Why can't this integral be inverse tangent?

Two separate issues. The reason why trig substitution does not work out well is because you have the extra $x$ in the denominator, which makes things more complicated. For example, with typical substitution $x = \tan u$, we have $$ \frac{dx}{x^2+1} = \frac{\sec^2 u \ du}{\tan^2 x + 1} = \frac{\sec^2 u \ du}{\sec^2 u} = du, $$ which makes things nice and clean.
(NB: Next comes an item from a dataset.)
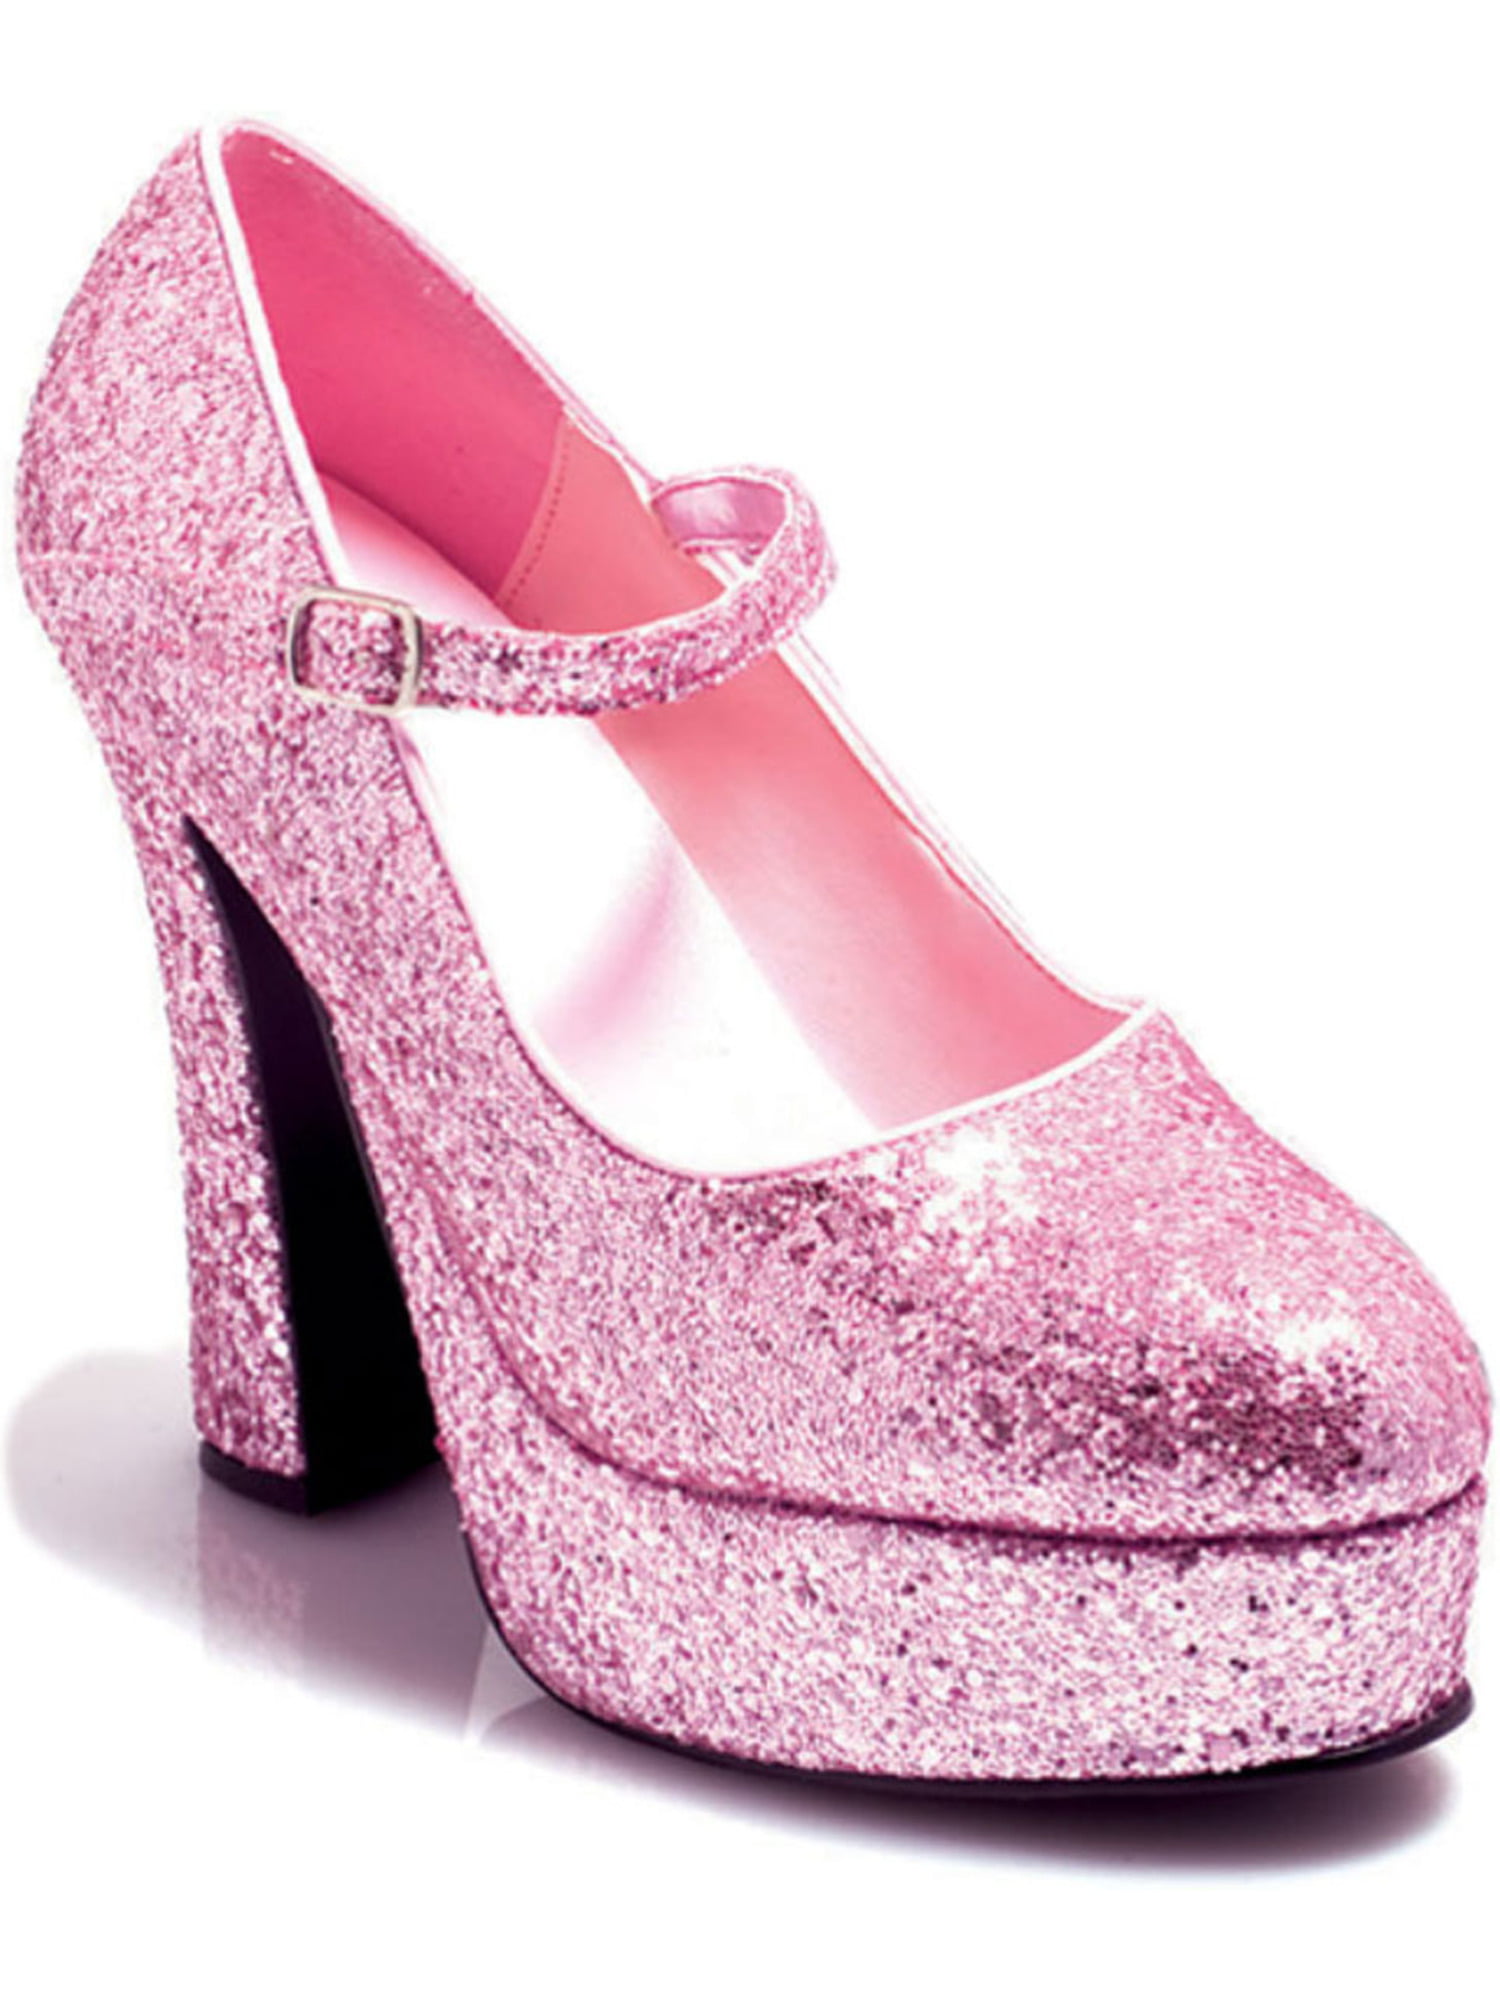 pink glitter mary jane shoes

But introducing the extra $x$ now has $$ \frac{x dx}{x^2+1} = \tan u \frac{\sec^2 u \ du}{\tan^2 x + 1} = \tan u \frac{\sec^2 u \ du}{\sec^2 u} = \tan u \ du, $$ and you have to integrate the tangent, getting $$ \int \tan u \ du = \int \frac{\sin u}{\cos u} du = - \ln |\cos u| + C $$ which you have to express back in terms of $x$, resulting in a similar rational function.

On the other hand, the second integral is much more pleasant with a direct substitution, since the very $x$ that makes the trig integral unpleasant opens the way to a different more elegant approach which could not be accomplished without it, as is very frequently the case in Mathematics (and art as well).

Consider $u = x^2+1$ then $du = 2x \ dx$ and the integral becomes $$ \int \frac{x\ dx}{x^2+1} = \frac12 \int \frac{du}{u} = \frac12 \ln |u| + C = \frac12 \ln \left|x^2+1 \right| +C $$